Note that you will see a warning “fail to read the header from…”, this is normal.

for filename in *.sam
do
base=$(basename ${filename} .sam)
samtools view -S -b ${filename} -o ${base}.bam
done

ls

Next we will sort the BAM files, which will mean our future steps are more efficient. From the samtools program we will use the sort command, with the -o flag to specify where the output file should go.

for filename in *.bam
do
base=$(basename ${filename} .bam)
samtools sort -o ${base}_sorted.bam ${filename}
done

Mapping statistics

Using the sorted BAM file, you can now easily calculate some basic mapping statistics using the samtools flagstat command.

samtools flagstat SRR014335-chr1_sorted.bam

Basic statistics shown by flagstat will be slightly different from those in the summary file generated by HISAT2 due to different “totals” that are used for comparisons. flagstat compares the number of alignments while HISAT2 compares the number of reads mapped. This is because reads can be mapped/aligned to more than one reference location, and these reads have a “primary” and “secondary” alignment (see section 1.2 of the SAM specifications). For example, the percent overall alignment in the HISAT2 summary will be equivalent to the percent primary mapped evaluated by flagstat. To get the number of reads that aligned 0 times (summary file), the equivalent statistic from flagstat would be subtracting the number of mapped reads from the number of total alignments.

MultiQC

HISAT2 output data can be incorporated into the MultiQC report. Copy the summary files generated by HISAT2 into the MultiQC directory and re-run multiqc.

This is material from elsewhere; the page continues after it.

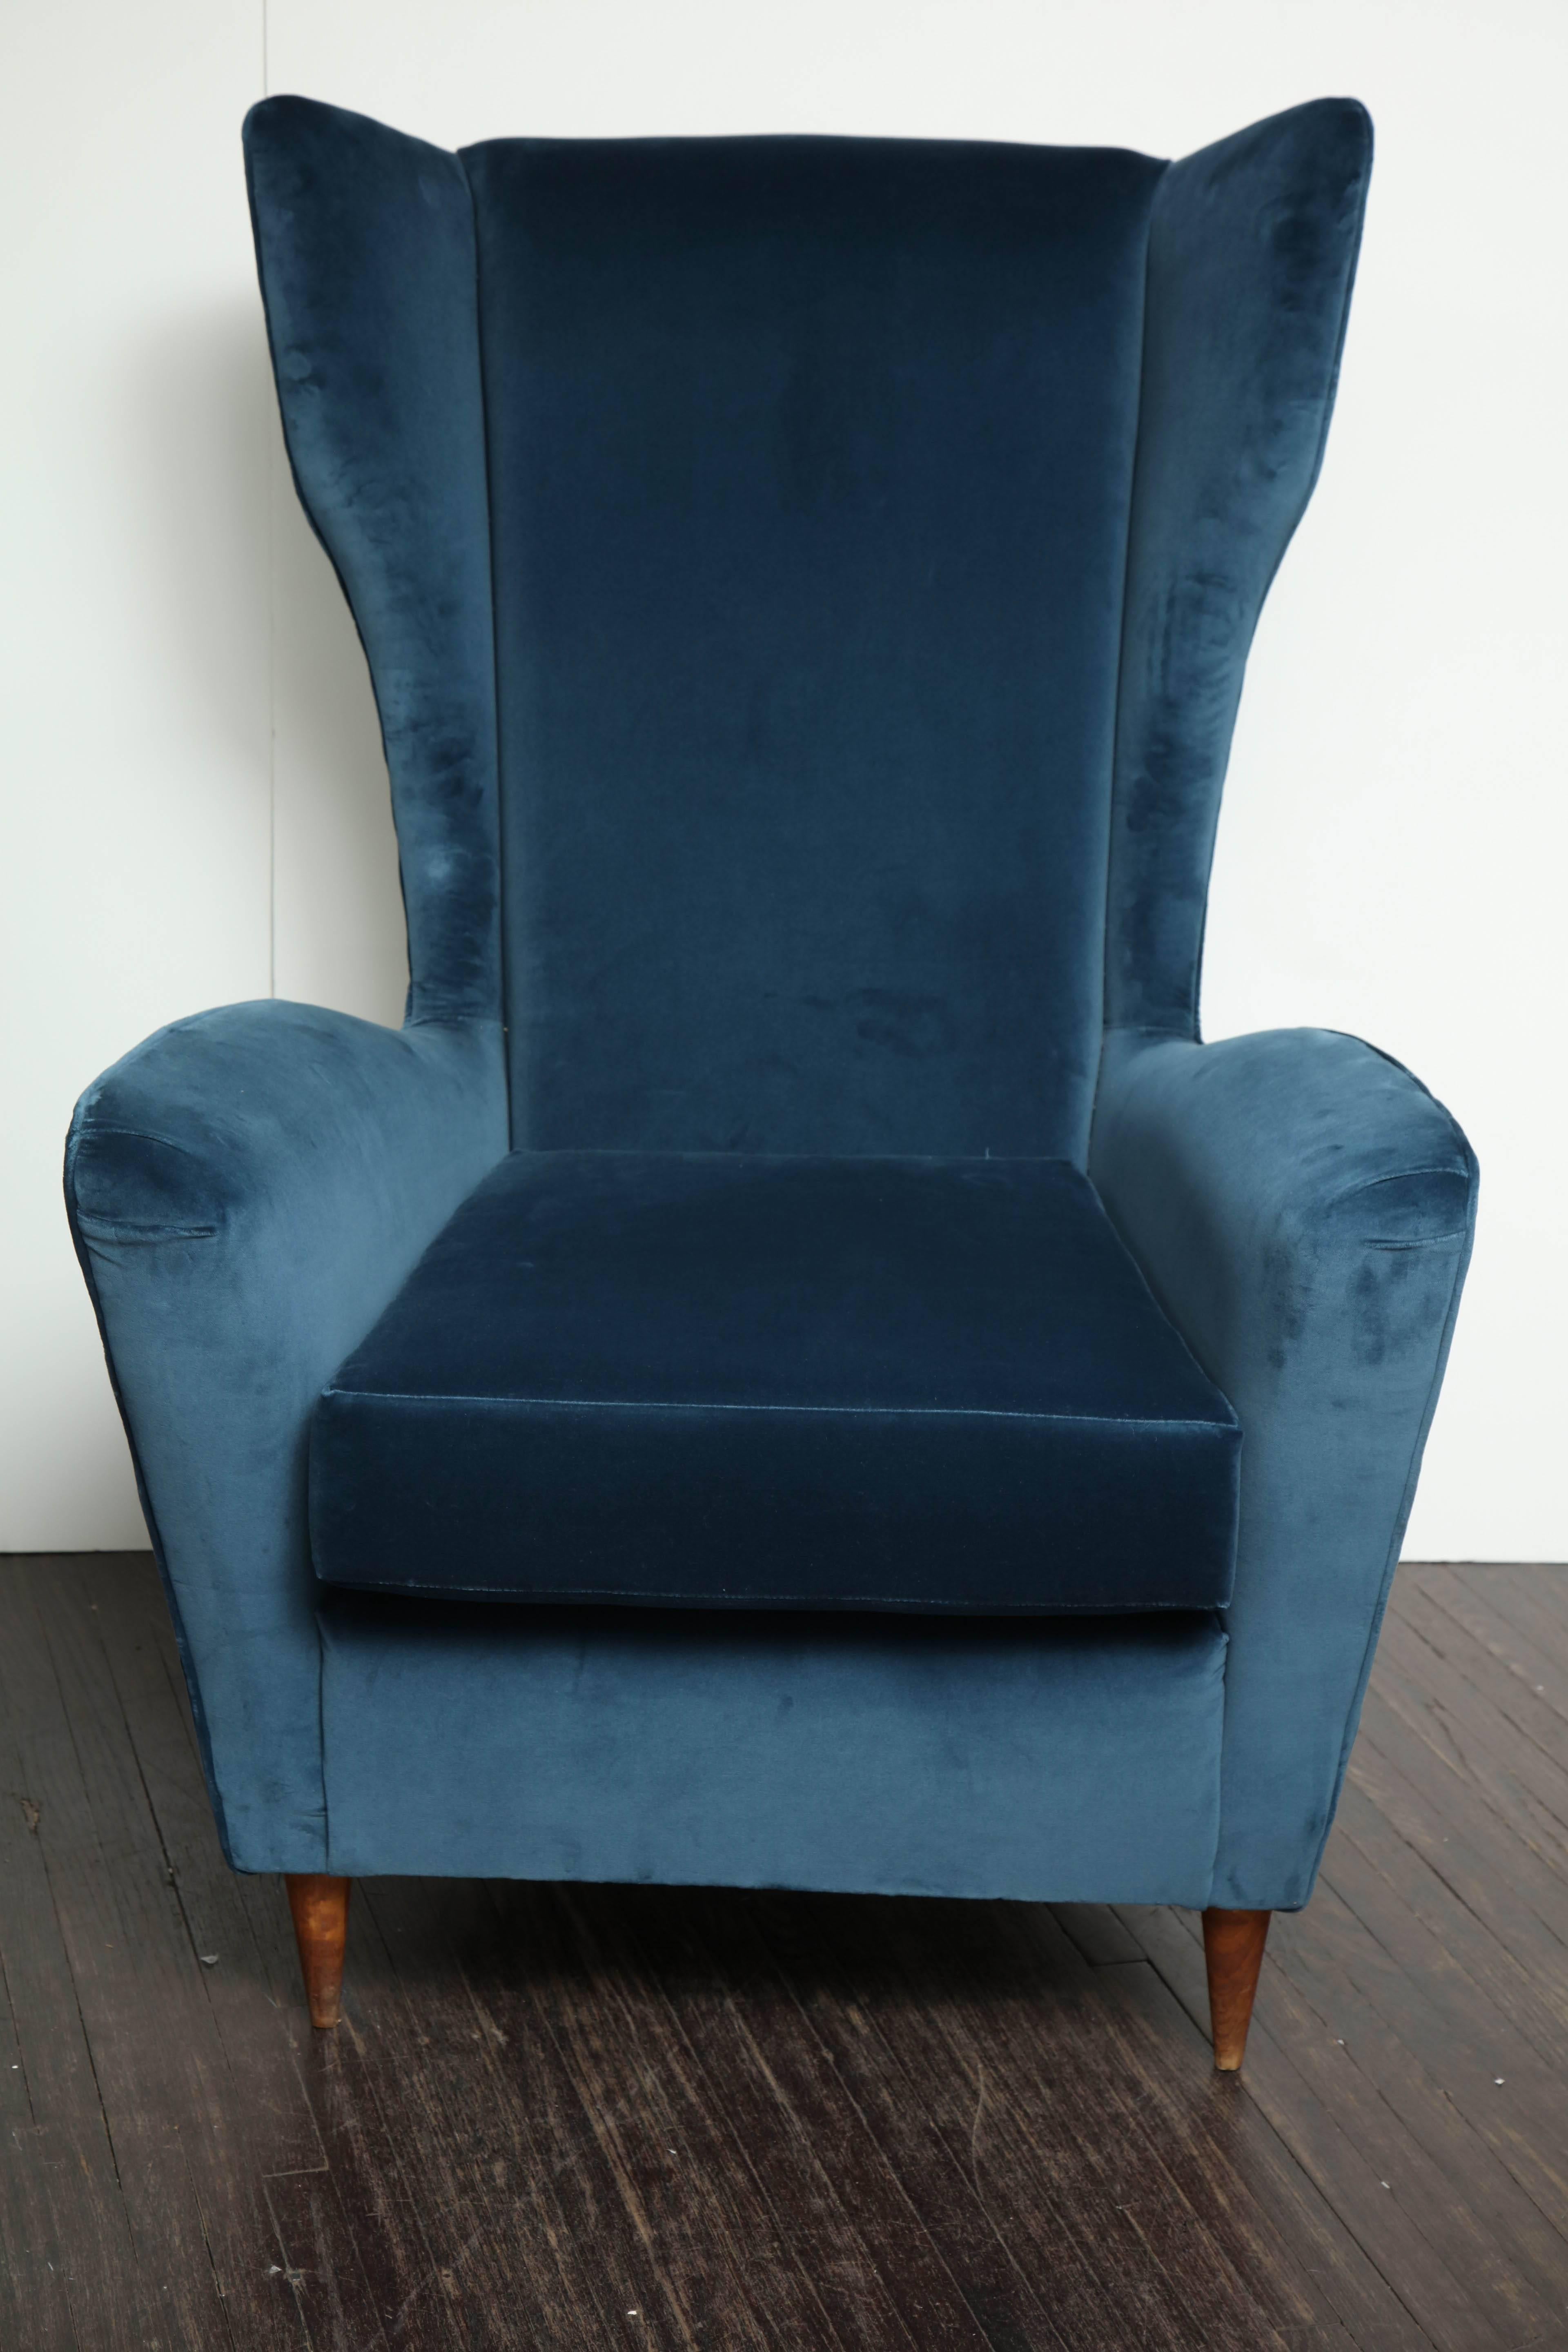 Vintage Italian modern wingback chairs in blue velvet.

Navigate to the updated report and view it in your browser.

cd ~/RNA_seq/MultiQC
cp ../Mapping/*summary* ./
multiqc .

MultiQC after alignment

You might notice that the report labels the summary files as “Bowtie2”. This is because the outputs are identical to those generated by Bowtie2, and MultiQC recognises them as Bowtie2.

Read summarisation

Sequencing reads often need to be assigned to genomic features of interest after they are mapped to the reference genome. This process is often called read summarisation or read quantification. Read summarisation is required by a number of downstream analyses such as gene expression analysis and histone modification analysis. The output of read summarisation is a count table, in which the number of reads assigned to each feature in each library is recorded. In our case each feature is an exon. To carry out counting we will use the featureCounts tool from the Subread package.

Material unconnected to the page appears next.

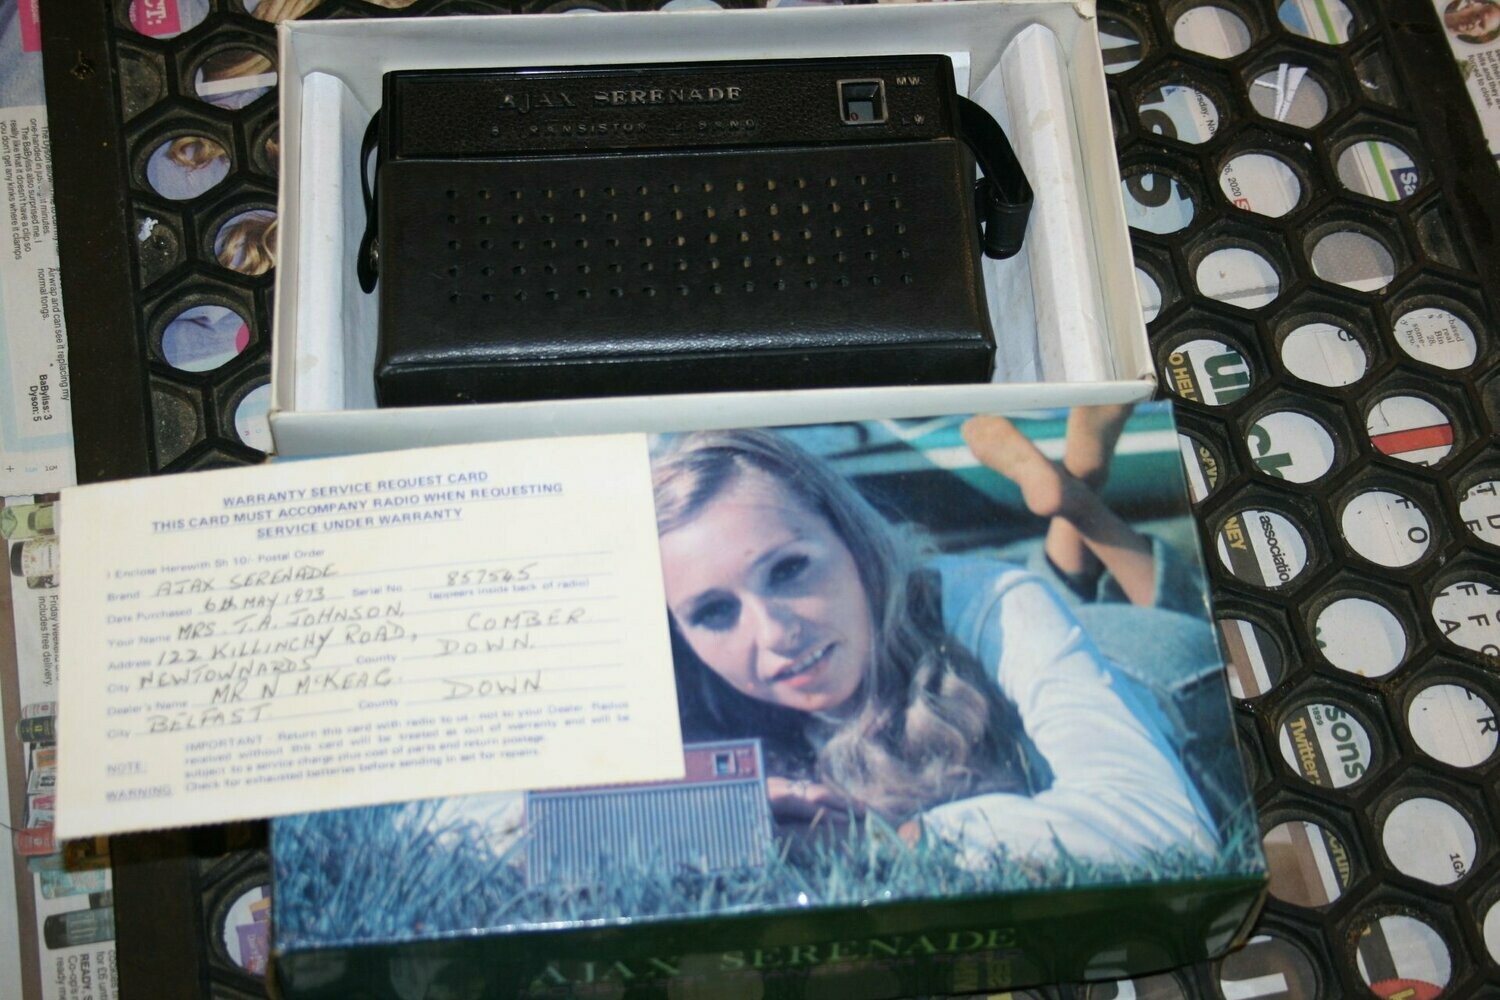 Ajax Serenade Portable (boxed) 1973 (SOLD)

Navigate to the RNA_seq directory, create a new directory called Counts and cd into that directory. From there run the featureCounts command which will require five different flags. We will use the -a flag to specify the annotation file, in this case the .gtf file we noticed earlier. The -o flag names the output file (which we will call yeast_counts.txt), while the -T flag specifies the number of threads/CPUs used for mapping. The -t flag is used to control the feature type in the GTF annotation file, we will use exon (which is also the default). Finally, the -g flag specifies the attribute type in the GTF file. We will use the gene_id option (again, the default).

cd ~/RNA_seq

mkdir Counts

cd Counts

featureCounts -a ../Genome/Saccharomyces_cerevisiae.R64-1-1.99.gtf -o ./yeast_counts.txt -T 2 -t exon -g gene_id ../Mapping/*sorted.bam

Update the MultiQC report by copying over the output data in Counts.

cd ~/RNA_seq/MultiQC

cp ../Counts/* .

multiqc .

We have now generated counts! We can now take these through to the next stage of our analysis: preparing to identify differentially expressed genes.